品質保証」カテゴリーアーカイブ

「Galaxy Fold」発売延期

 米国時間4月22日、またしてもサムスンの折りたたみスマートフォン「Galaxy Fold」に関する悪い知らせが飛び込んできた。同製品をめぐっては先週、早期に生産されたレビュー用端末の画面が破損するという報告が複数寄せられていた。サムスンは、26日に予定していた同製品の発売を延期することを認め、「数週間のうちに」新しい発売日を発表すると述べた。

 「ディスプレイについて報告された問題を検査したところ、ヒンジの上下の露出部分における衝撃が関係している可能性があることがまずわかった。端末内部の物質がディスプレイの表示性能に影響していたケースもあった」と、サムスンは声明で述べた。「このフィードバックを十分に評価し、さらなる社内テストを実施するために、Galaxy Foldの発売を延期することにした」(サムスン)

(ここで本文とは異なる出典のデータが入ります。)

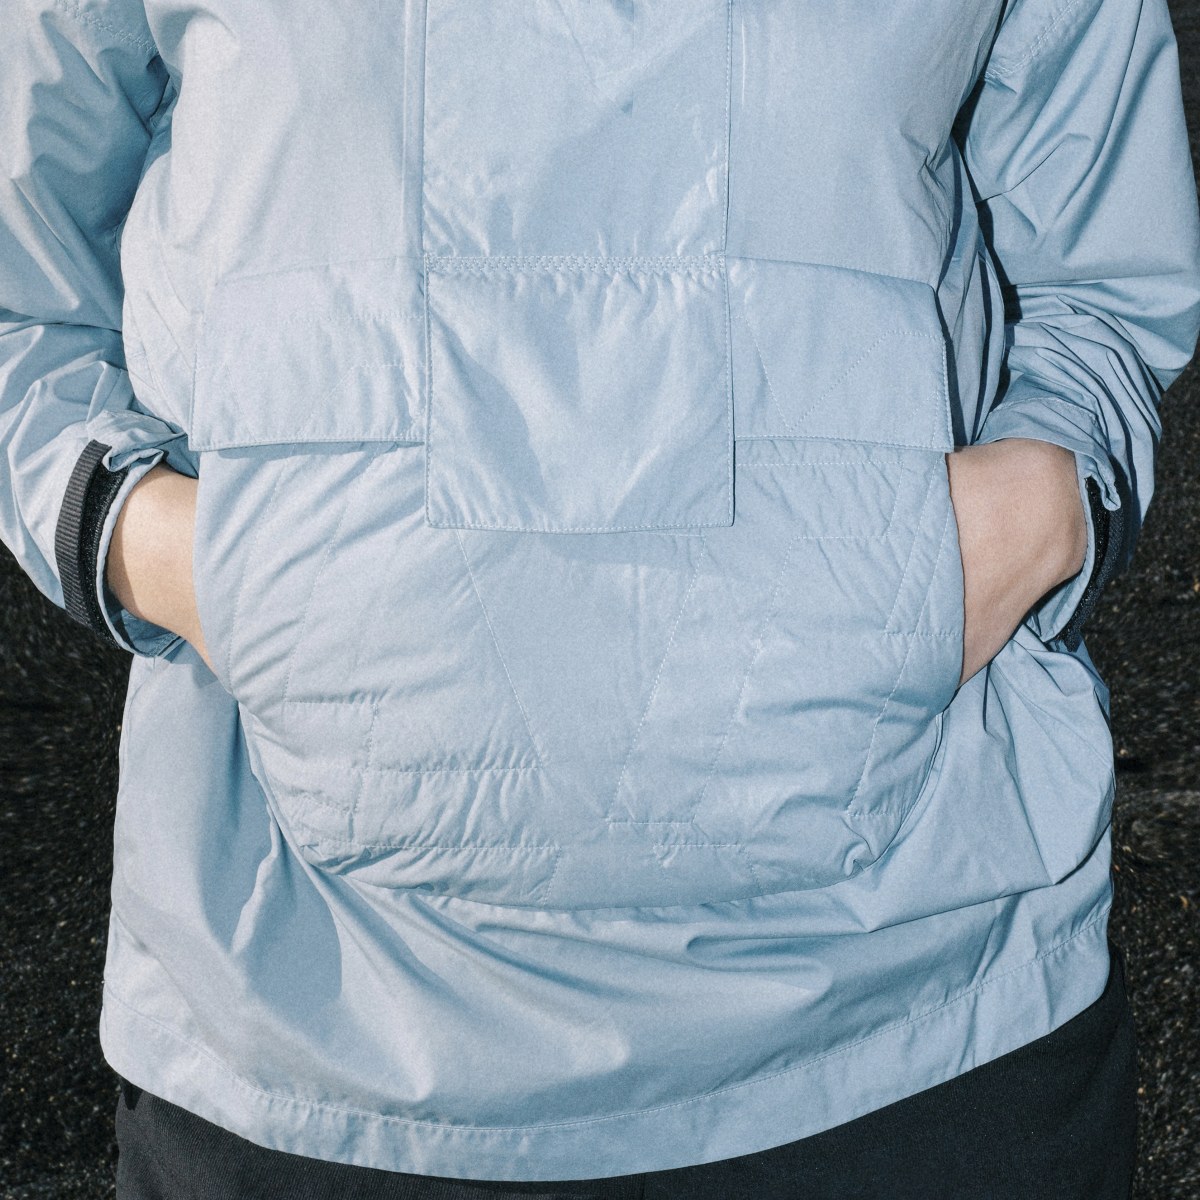 Adidas Anorak Terrex Made to be Remade Wind. 5

 同社は、このデバイスを予約注文していたユーザーに電子メールを送り、「2週間以内に、より具体的な出荷情報」を通知すると述べた。出荷されるまでは端末代金がユーザーから徴収されることはなく、気が変わった場合は、出荷前ならば注文をキャンセルすることができる。

(CNET Japan より)

 「折りたためるディスプレイ」という驚きをもって迎えられたサムスンのGalaxy Foldの落胆ニュースだ。

発端はレビュー用にメディアに配布したサンプル機のディスプレイ故障だ。サムスンはサンプル機の故障に関して以下のように言っている。
“何人かのデバイスは可能な限り最高のユーザーエクスペリエンスを保証するために、Galaxy Foldがさらなる改善を必要としていることを我々に示してくれました。このフィードバックを十分に評価し、内部テストを実行するために、Galaxy Foldの発売を延期することにしました。”

プロトタイプを展示会などで発表することはありうるだろう。しかし発売日を決定して発表した商品で、このような事例はお粗末としか言いようがない。

当然4月26日発売の初ロット生産前に、製品の信頼性評価、妥当性評価は完了していたはずだ。

折りたたみ式ディスプレイという新技術を搭載したスマホであれば、折りたたみ耐久評価が完了していなければならない。例えば商品の耐用年数3年、1日の折りたたみ回数を10回と定義すれば、10,000回程度の開閉評価をすれば分かることだ。つまり1秒に1回開閉する検査機を作れば約3時間もあれば評価可能だ。

またユーザが保護フィルムを誤って剥がしてしまう事が,故障原因の一つであると言っているが、こういう問題を事前に洗い出す事が「妥当性評価」だ。

開発の立場で考えれば、いち早く市場に投入して業績に貢献したいと考える。
しかし品質保証の立場で考えると、顧客利益を守る(品質損失を最小限にする)ために必要な手続きを踏みたいと考える。どちらが良い、悪いということではないと思うが、どちらを優先するかが企業文化であり、それを評価するのは消費者だ。


このコラムは、2019年5月8日に配信したメールマガジン【中国生産現場から品質改善・経営革新】第820号に掲載した記事に加筆したものです。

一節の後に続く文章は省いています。